SQL> -- Get the total number of K/V pairs of all the vertices
SQL> select /*+ parallel */ count(1)
from connectionsVT$;
299
SQL> -- Get the total number of K/V pairs of all the edges
SQL> select /*+ parallel(8) */ count(1)
from connectionsGE$;
164
SQL> -- Get the total number of vertices
SQL> select /*+ parallel */ count(distinct vid)
from connectionsVT$;
78
SQL> -- Get the total number of edges
SQL> select /*+ parallel */ count(distinct eid)
from connectionsGE$;
164
Example 4-4 Get the Set of Property Keys Used
This example gets the set of property keys used for the vertices n the connections
graph.
SQL> select /*+ parallel */ distinct k
from connectionsVT$;
company
show
occupation
type
team
religion
criminal charge
music genre
genre
name
role
political party
country
13 rows selected.
SQL> -- get the set of property keys used for edges
SQL> select /*+ parallel */ distinct k
from connectionsGE$;
weight
Example 4-5 Find Vertices with a Value
This example finds vertices with a value (of any property) that is of String type, and where and the value contains two adjacent occurrences of a, e, i, o, or u, regardless of case.n the connections
graph.
SQL> select vid, t, k, v
from connectionsVT$
where t=1
and regexp_like(v, '([aeiou])\1', 'i');
6 1 name Jordan Peele
6 1 show Key and Peele
54 1 name John Green
...
It is usually hard to leverage a B-Tree index for the preceding kind of query because it is difficult to know beforehand what kind of regular expression is going to be used. For the above query, you might get the following execution plan. Note that full table scan is chosen by the optimizer.
------------------------------------------------------------------------------------------------------------------------------------
| Id | Operation | Name | Rows | Bytes | Cost (%CPU)| Time | Pstart| Pstop | TQ |IN-OUT| PQ Distrib |
------------------------------------------------------------------------------------------------------------------------------------
| 0 | SELECT STATEMENT | | 15 | 795 | 28 (0)| 00:00:01 | | | | | |
| 1 | PX COORDINATOR | | | | | | | | | | |
| 2 | PX SEND QC (RANDOM)| :TQ10000 | 15 | 795 | 28 (0)| 00:00:01 | | | Q1,00 | P->S | QC (RAND) |
| 3 | PX BLOCK ITERATOR | | 15 | 795 | 28 (0)| 00:00:01 | 1 | 8 | Q1,00 | PCWC | |
|* 4 | TABLE ACCESS FULL| CONNECTIONSVT$ | 15 | 795 | 28 (0)| 00:00:01 | 1 | 8 | Q1,00 | PCWP | |
------------------------------------------------------------------------------------------------------------------------------------
Predicate Information (identified by operation id):
---------------------------------------------------
4 - filter(INTERNAL_FUNCTION("V") AND REGEXP_LIKE ("V",U'([aeiou])\005C1','i') AND "T"=1 AND INTERNAL_FUNCTION("K"))
Note
-----
- Degree of Parallelism is 2 because of table property
If the Oracle Database In-Memory option is available and memory is sufficient, it can help performance to place the table (full table or a set of relevant columns) in memory. One way to achieve that is as follows:
SQL> alter table connectionsVT$ inmemory;
Table altered.
Now, entering the same SQL containing the regular expression shows a plan that performs a "TABLE ACCESS INMEMORY FULL".
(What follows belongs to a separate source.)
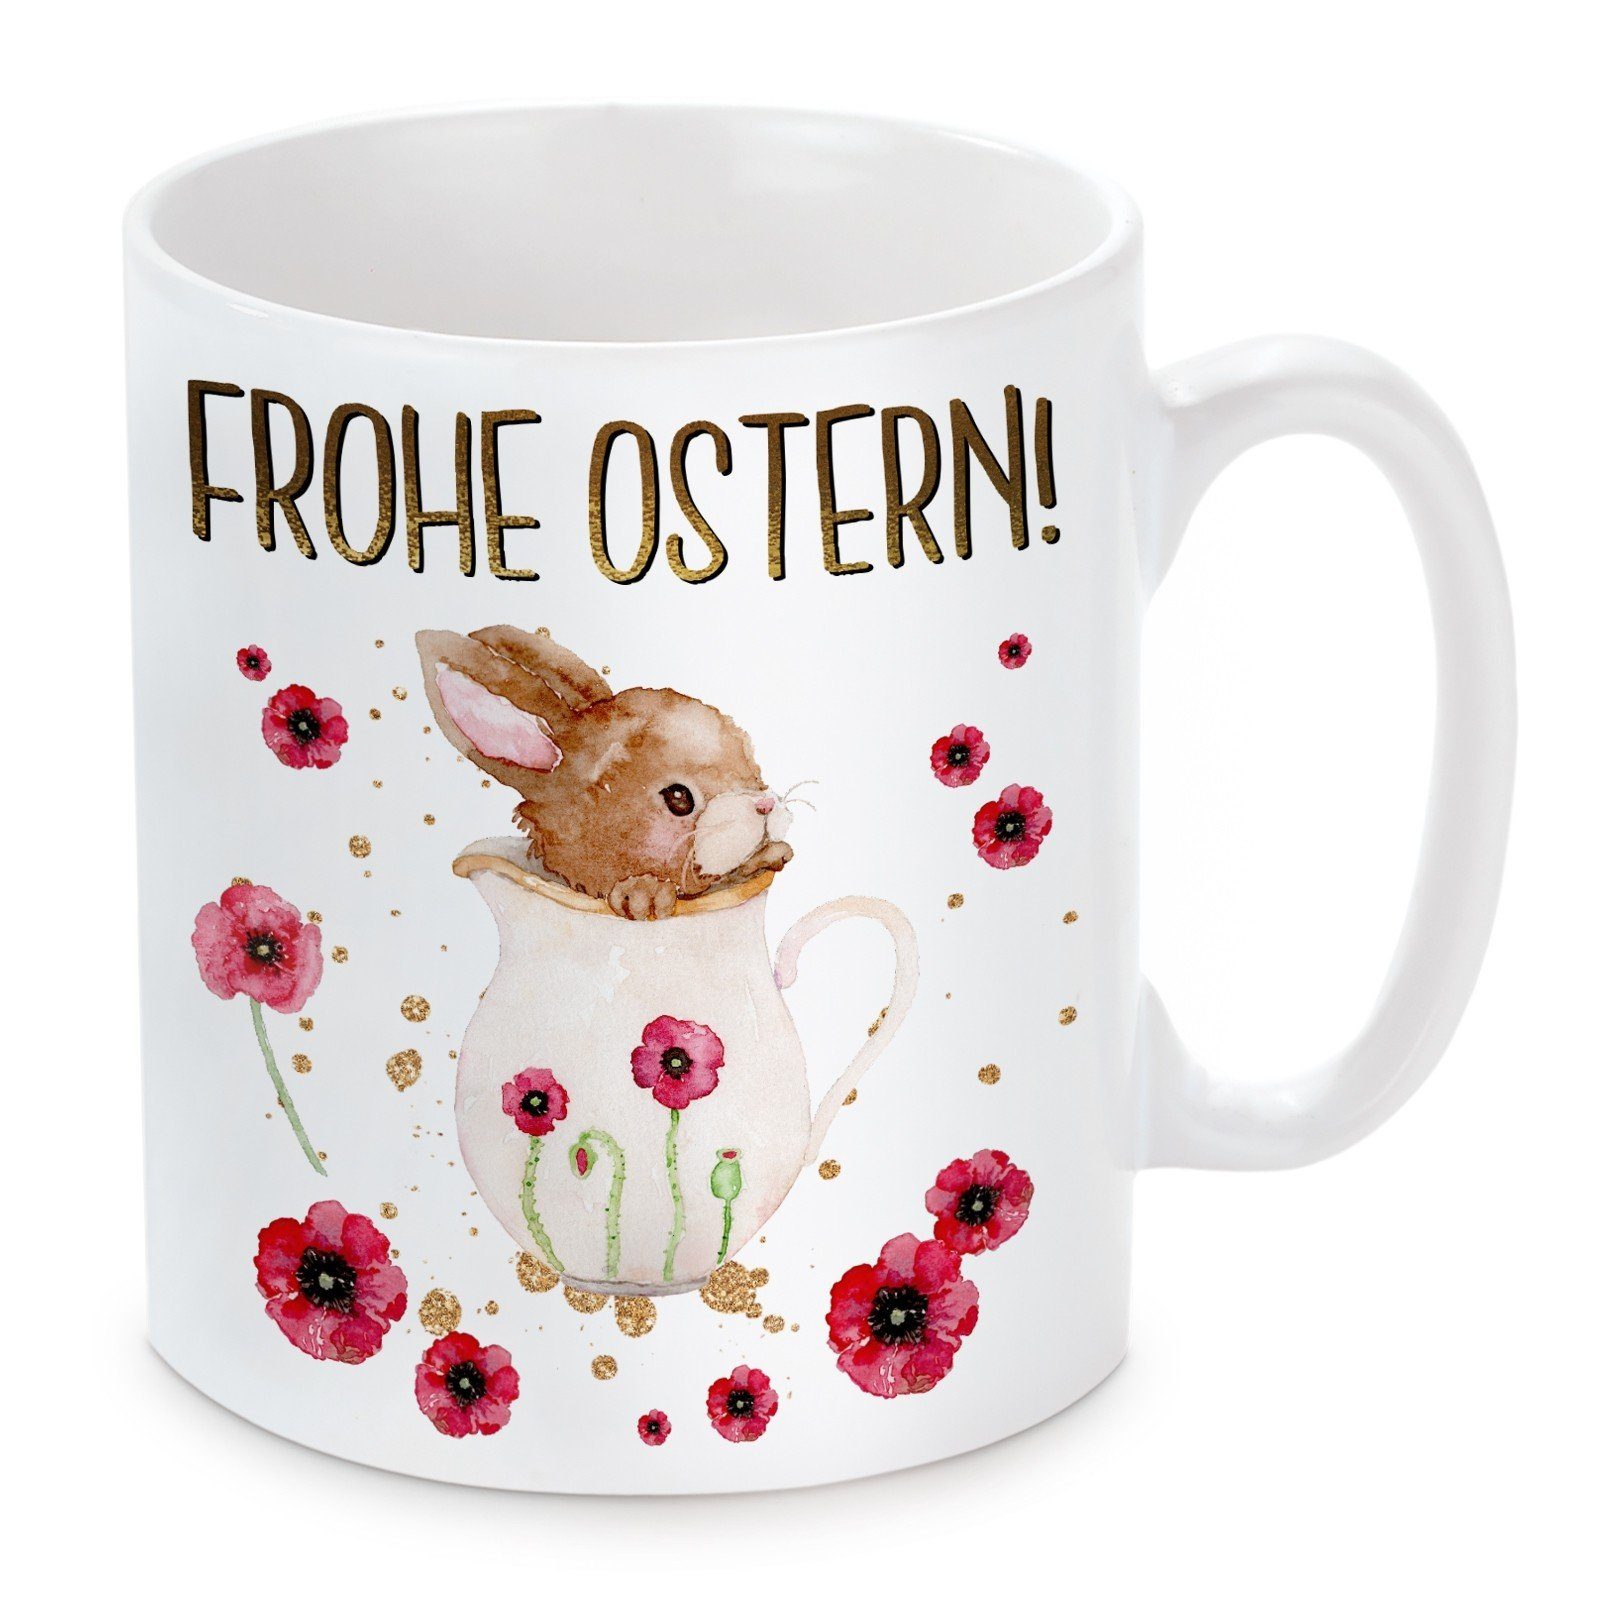 Herzbotschaft Tasse Kaffeebecher Keramik, Ostern!, Kaffeetasse Motiv Frohe mit spülmaschinenfest und mikrowellengeeignet

--------------------------------------------------------------------------------------------------------------------------------------------
| Id | Operation | Name | Rows | Bytes | Cost (%CPU) | Time | Pstart| Pstop | TQ |IN-OUT| PQ Distrib |
---------------------------------------------------------------------------------------------------------------------------------------------
| 0 | SELECT STATEMENT | | 15 | 795 | 28 (0)| 00:00:01 | | | | | |
| 1 | PX COORDINATOR | | | | | | | | | | |
| 2 | PX SEND QC (RANDOM) | :TQ10000 | 15 | 795 | 28 (0)| 00:00:01 | | | Q1,00 | P->S | QC (RAND) |
| 3 | PX BLOCK ITERATOR | | 15 | 795 | 28 (0)| 00:00:01 | 1 | 8 | Q1,00 | PCWC | |
|* 4 | TABLE ACCESS INMEMORY FULL| CONNECTIONSVT$ | 15 | 795 | 28 (0)| 00:00:01 | 1 | 8 | Q1,00 | PCWP | |
---------------------------------------------------------------------------------------------------------------------------------------------
Predicate Information (identified by operation id):
---------------------------------------------------
4 - filter(INTERNAL_FUNCTION("V") AND REGEXP_LIKE ("V",U'([aeiou])\005C1','i') AND "T"=1 AND INTERNAL_FUNCTION("K"))
Note
-----
- Degree of Parallelism is 2 because of table property
4.2 Text Queries on Property Graphs
If values of a property (vertex property or edge property) contain free text, then it might help performance to create an Oracle Text index on the V column.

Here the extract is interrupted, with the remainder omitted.